August 31, 2005 

Correction • Bushwhacking • The Chopping Block • The Road Less Traveled

Correction

The title of last week's New York Times crossword puzzle should have been "'Lighten Up,' by Patrick Merrell and edited by Will Shortz." We appreciate the calls to notify us of the error, especially since the corrected title seems oddly appropriate to those calls.

Bushwhacking

While he rides his bike through mountain resorts, he urges the masses to stay the course. Meanwhile, our soldiers are getting their asses blown off in a chaotic civil war created by Bush! And as the fanatical Christians bask in the glory of their new-found power, they urge the assassination of sovereign national leaders who oppose our heavy handed policies, salivating at the opportunity to place their Christian dogma in the public schools so they can create a new generation of God-loving people who are willing to kill anyone who thinks differently than them.

I used to think religion was a good guideline for society. Now it has become a rallying war cry to kill, deny science and bend the truth to advance an abusive agenda of fear and hatred. I see the injection of religion into governments as a sure way to bring violence and hatred to the forefront.

Why are these men of God not standing up for love and tolerance? Helping the poor and helpless? Instead they are greedy war hawks. Bush-the Christian who will "save" America from its evil ways-puts his thumb on science, brings war with a smirk and the quote of "Bring it on!" He has done more to help the rich than any other segment of society. It is beyond absurd! I have never seen how power and religion are a bad mix like I am witnessing now. The history of religious conflict we read about seemed caused by a basic ignorance that a modern society should see past. But Bush has brought it back in full force and urges us to stay the course.

-Kevin Mills, Boise

The Chopping Block

It seems that you cannot turn on the news anymore without hearing a new case of some sort of sex abuse or rape. Several years ago, Denmark did an experiment where they gave sex offenders a choice of staying in jail or castration. They were astonished at the success rate: 85 percent of the offenders never committed another sex offense! Can our present way of dealing with these offenders boast this kind of success? Certainly not.

It is long past due that we try a different approach. I'm aware that the Constitution says we cannot administer "cruel and unusual punishment," but times have changed. When our children's lives are at stake, are a sex offender's testicles that important?

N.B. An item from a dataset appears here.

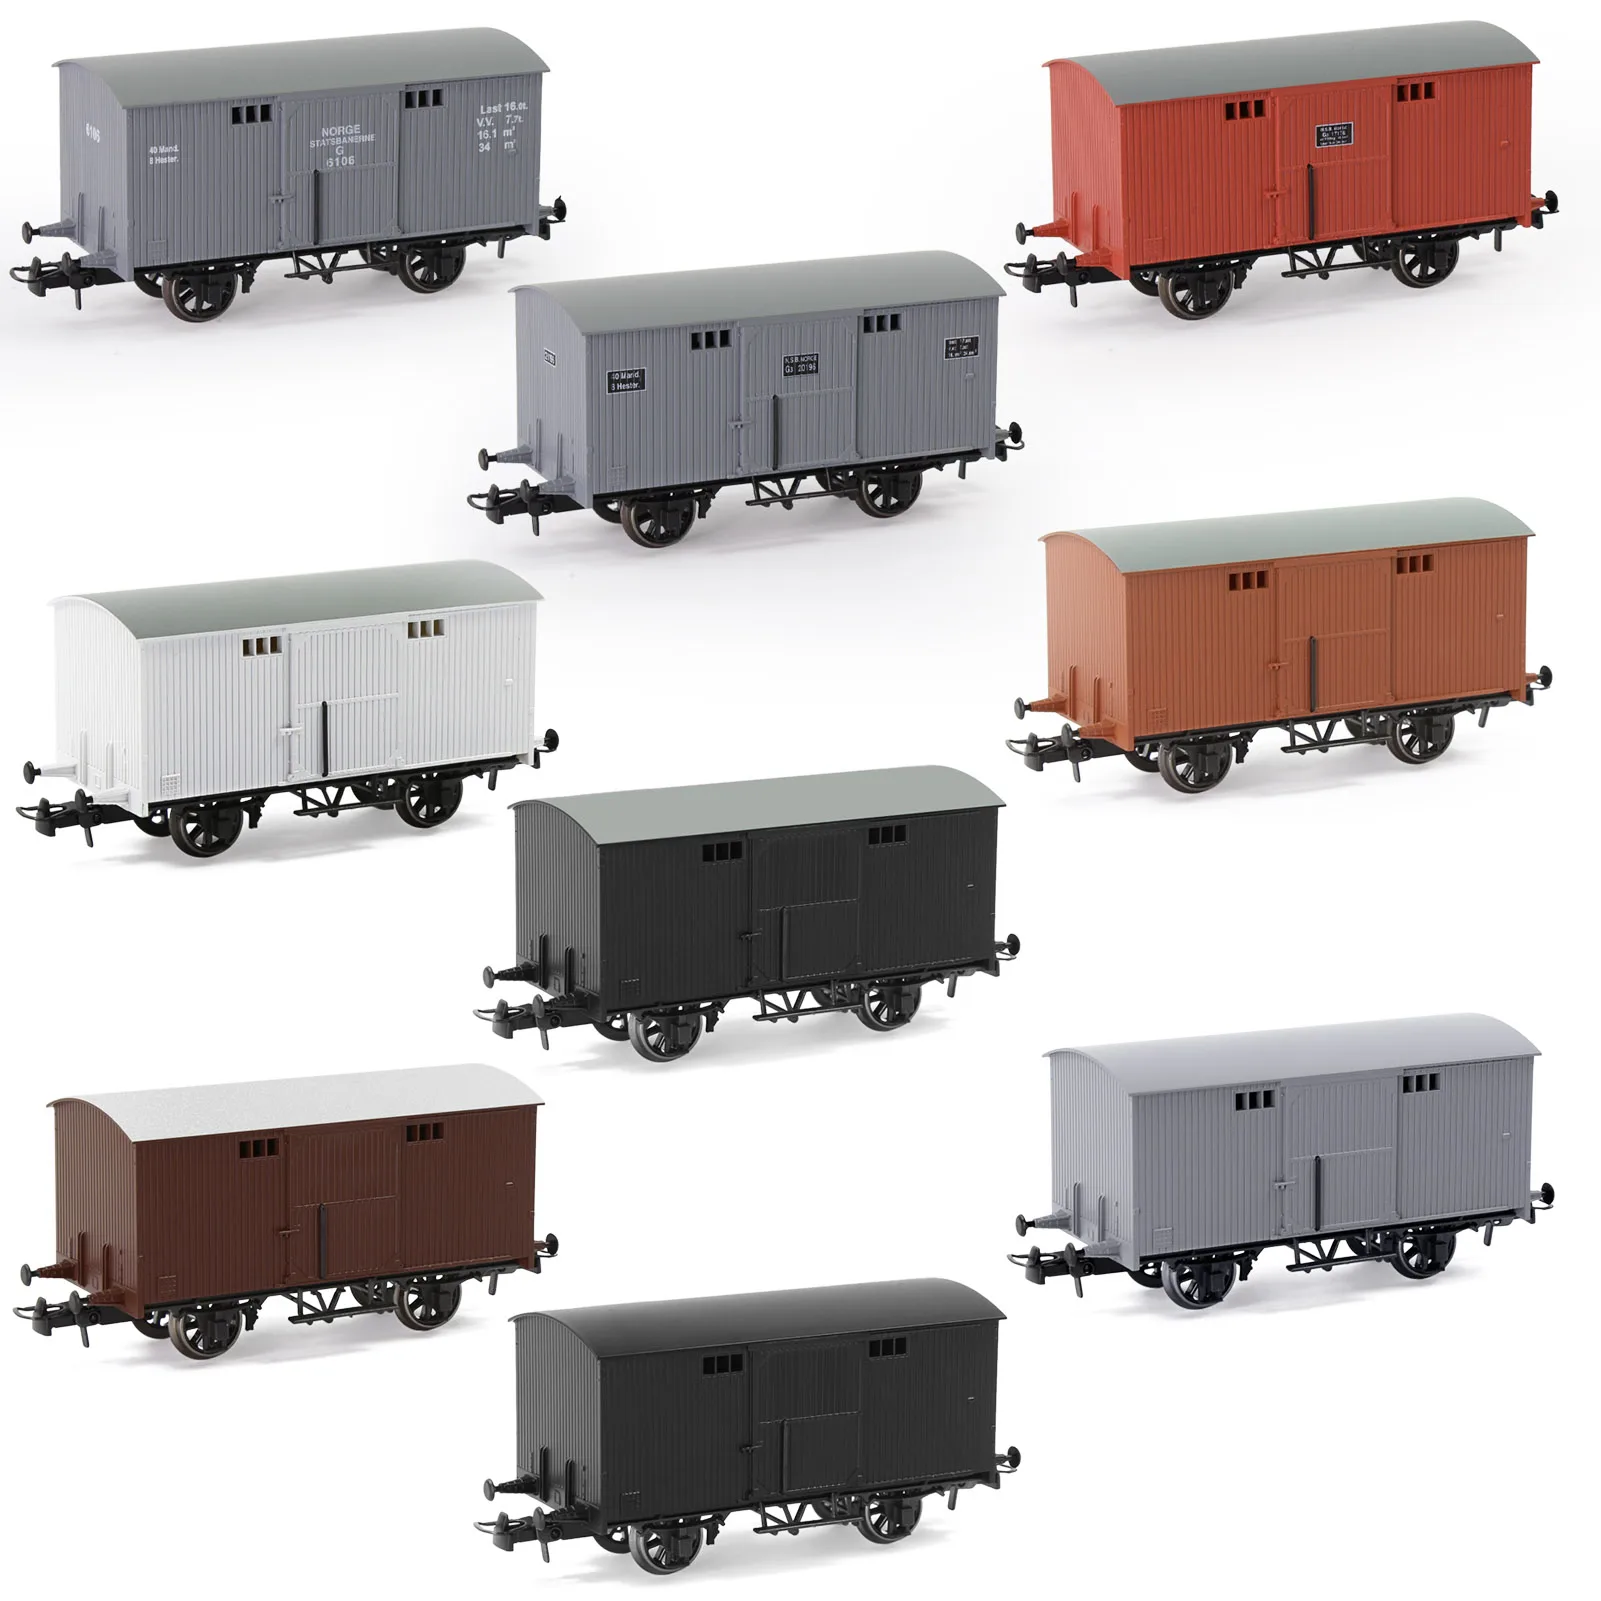 

Evemodel 3pcs Model Trains HO Scale 1:87 20ft Box Car Wagon 20' Railway Boxcars C8728

There are those who claim castration won't stop them. They fail to understand that it is testosterone that drives the libido that drives the sex offender. Take away the testosterone, and after about six months, the sex drive dies. It really isn't that complex of a problem; any rancher can tell you about his steers. Or maybe your dog, your cat or your horse. It really does work.

Can we afford to continue to warehouse these degenerates, knowing that someday they will get back out and destroy another person's life again? If they refuse to submit to surgical castration, they need to be incarcerated for life. It will be their choice, knowing full well they will never be free again. Then and only then will we slow down this insidious crime.

We hand out the death penalty; I see no reason that we can't hand down a "castration or life in prison" sentence. It is a proven fact: Once a sex offender, always a sex offender, they cannot be rehabilitated (without castration). Perhaps without so much libido, they could then become productive citizens again instead of spending the rest of their lives in prison at taxpayers' expense. We are at a crossroads-our prisons are full and running over. This is why so many of them are let back out to victimize again, but short of giving them all the death penalty, do you have a better idea? Let's hear it. We need new laws.

Contact your federal and state representatives and demand action. This insidious problem won't go away without drastic actions.

-Bart Eben, Mountain Home

The Road Less Traveled

A new Forest Service policy threatens over 9.3 million acres of roadless areas in Idaho. I am familiar with two roadless areas in the Clearwater National Forest. One is the Eldorado Creek area. Forest Service roads through this area allow fairly easy access, as well as quite a few restricted roads available for various recreational uses. The area has been logged some years ago, but it has now restored itself to a healthy forest containing Grand and Douglas fir, Ponderosa pine, larch and an unusual amount of deciduous trees and bushes, thus making for excellent big game habitat. Several historic sites visited by Lewis and Clark are also in or near the area.

The other area is the Weir-Post Office area north of the Lochsa. The Lolo motorway runs through the area, along with a few other access roads. It is an extremely rugged and beautiful forest, which probably looks about the same as when the Corps of Discovery passed through 200 years ago. The Forest Service is recommending keeping this area classified as roadless.

I hope others will join me in soliciting Gov. Kempthrone not to allow further development in these areas, along with any others that you know and would hope to continue to enjoy as they are.